• _Information supplied_

+---+

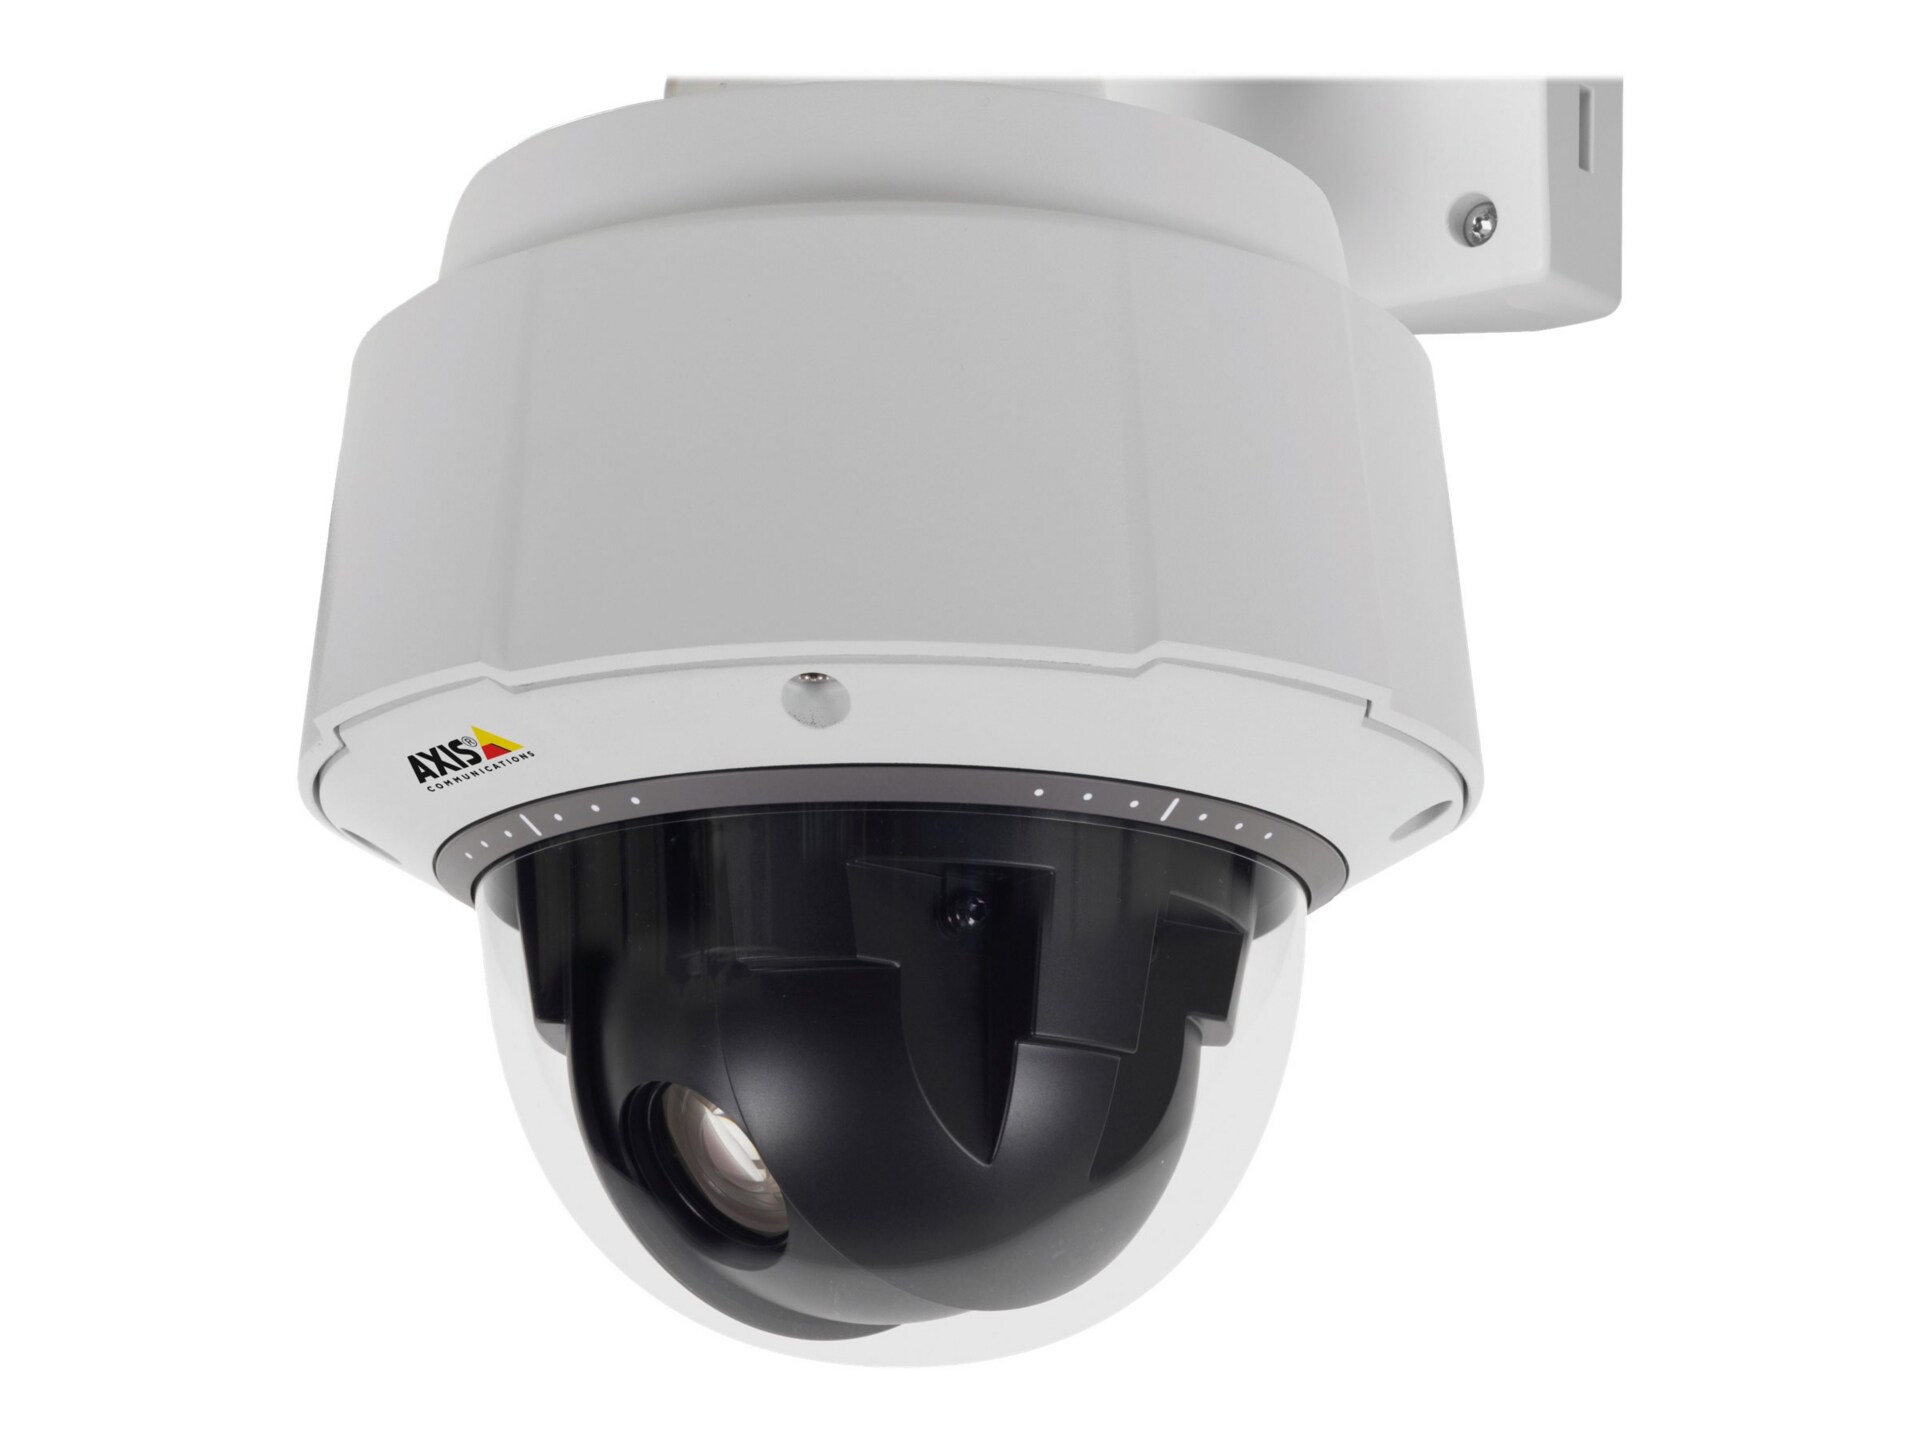 AXIS Q6055-E PTZ Dome Network Camera 60Hz - network surveillance camera
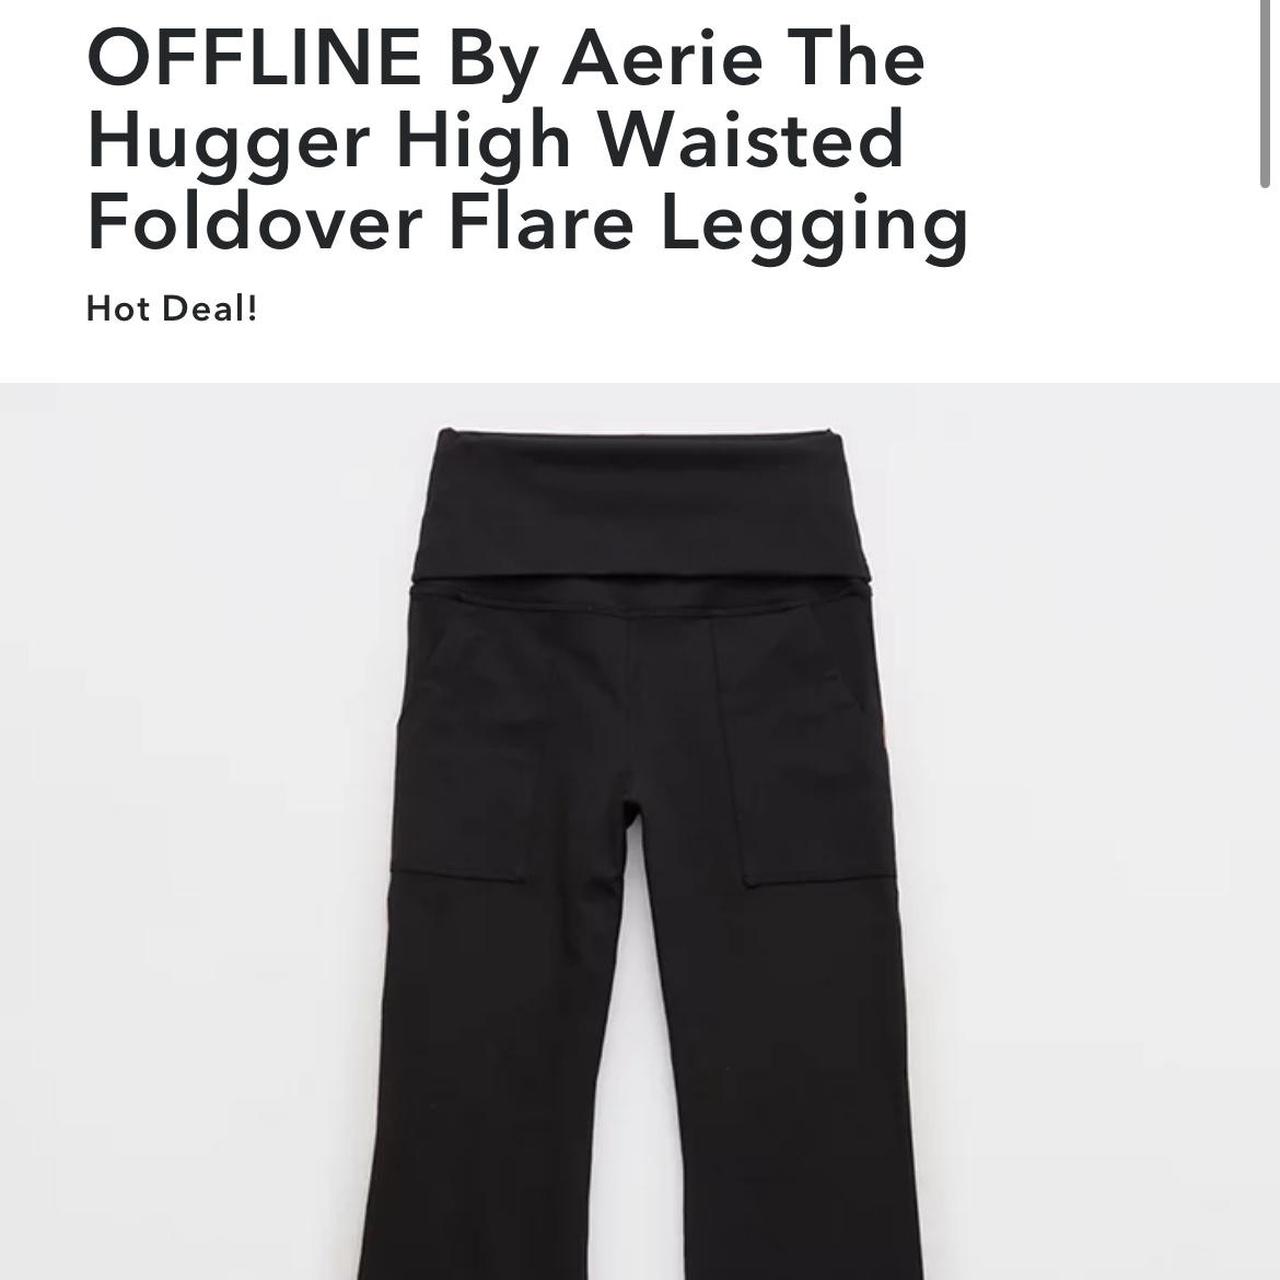 OFFLINE By Aerie The Hugger High Waisted Foldover Flare Legging
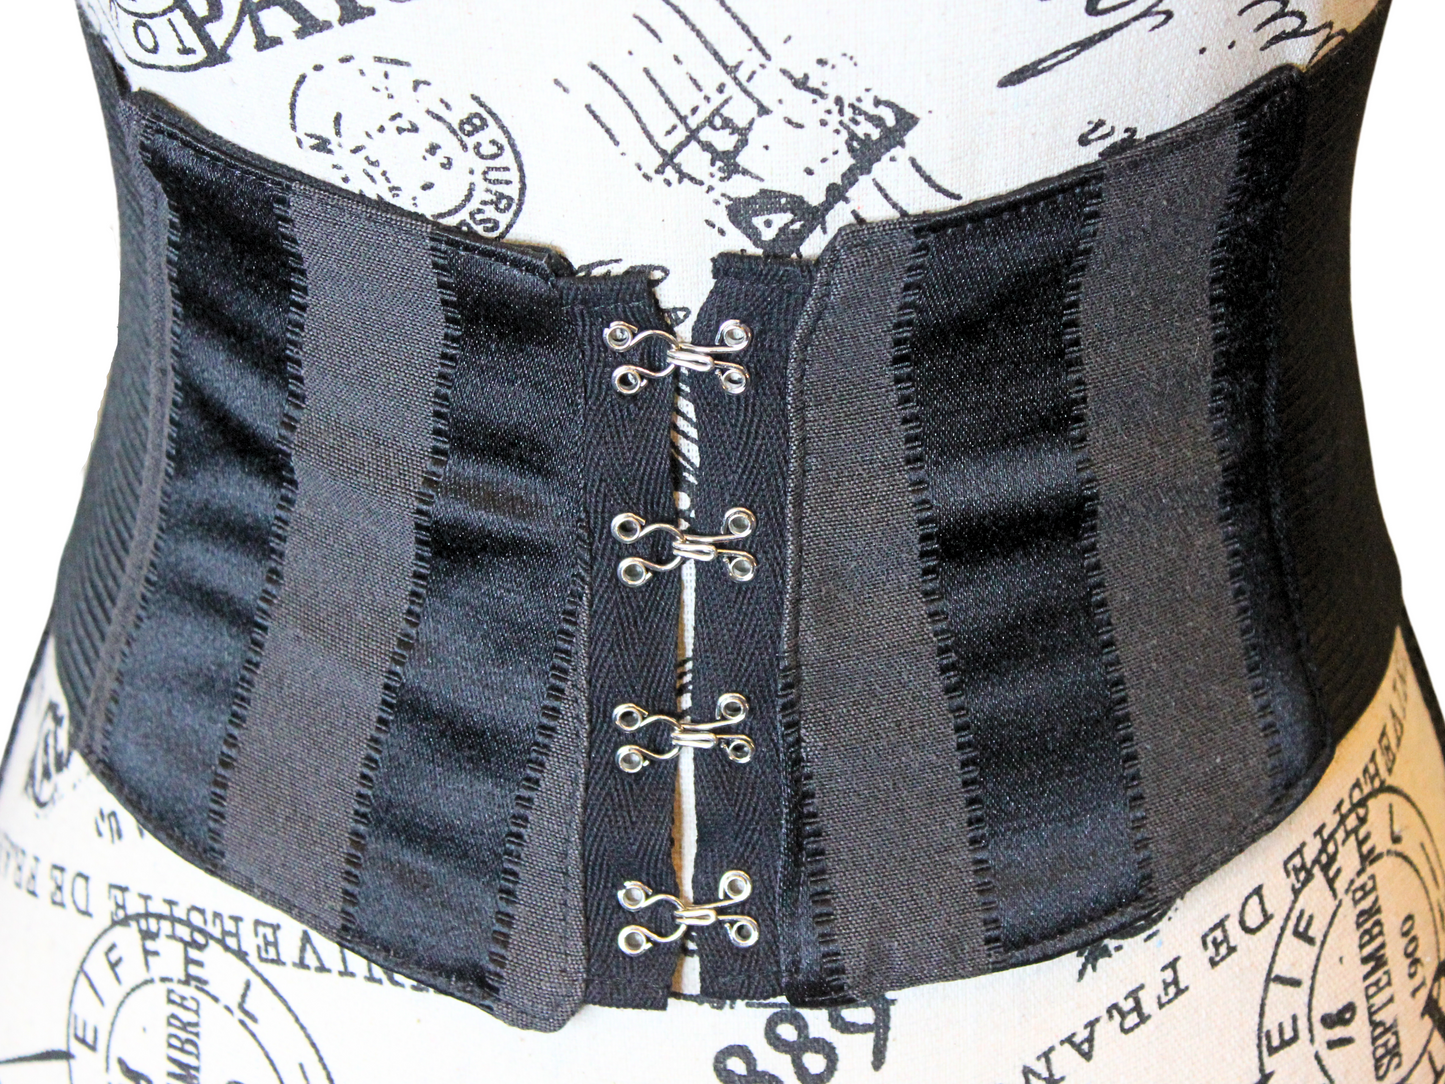 The VM Waist Belt

+---+

• _Task details_
Give the data again exactly as written, with all pictures left out.

• _Response for this exercise_
 AXIS Q6055-E PTZ Dome Network Camera 60Hz - network surveillance camera
 OFFLINE By Aerie The Hugger High Waisted Foldover Flare Legging
 The VM Waist Belt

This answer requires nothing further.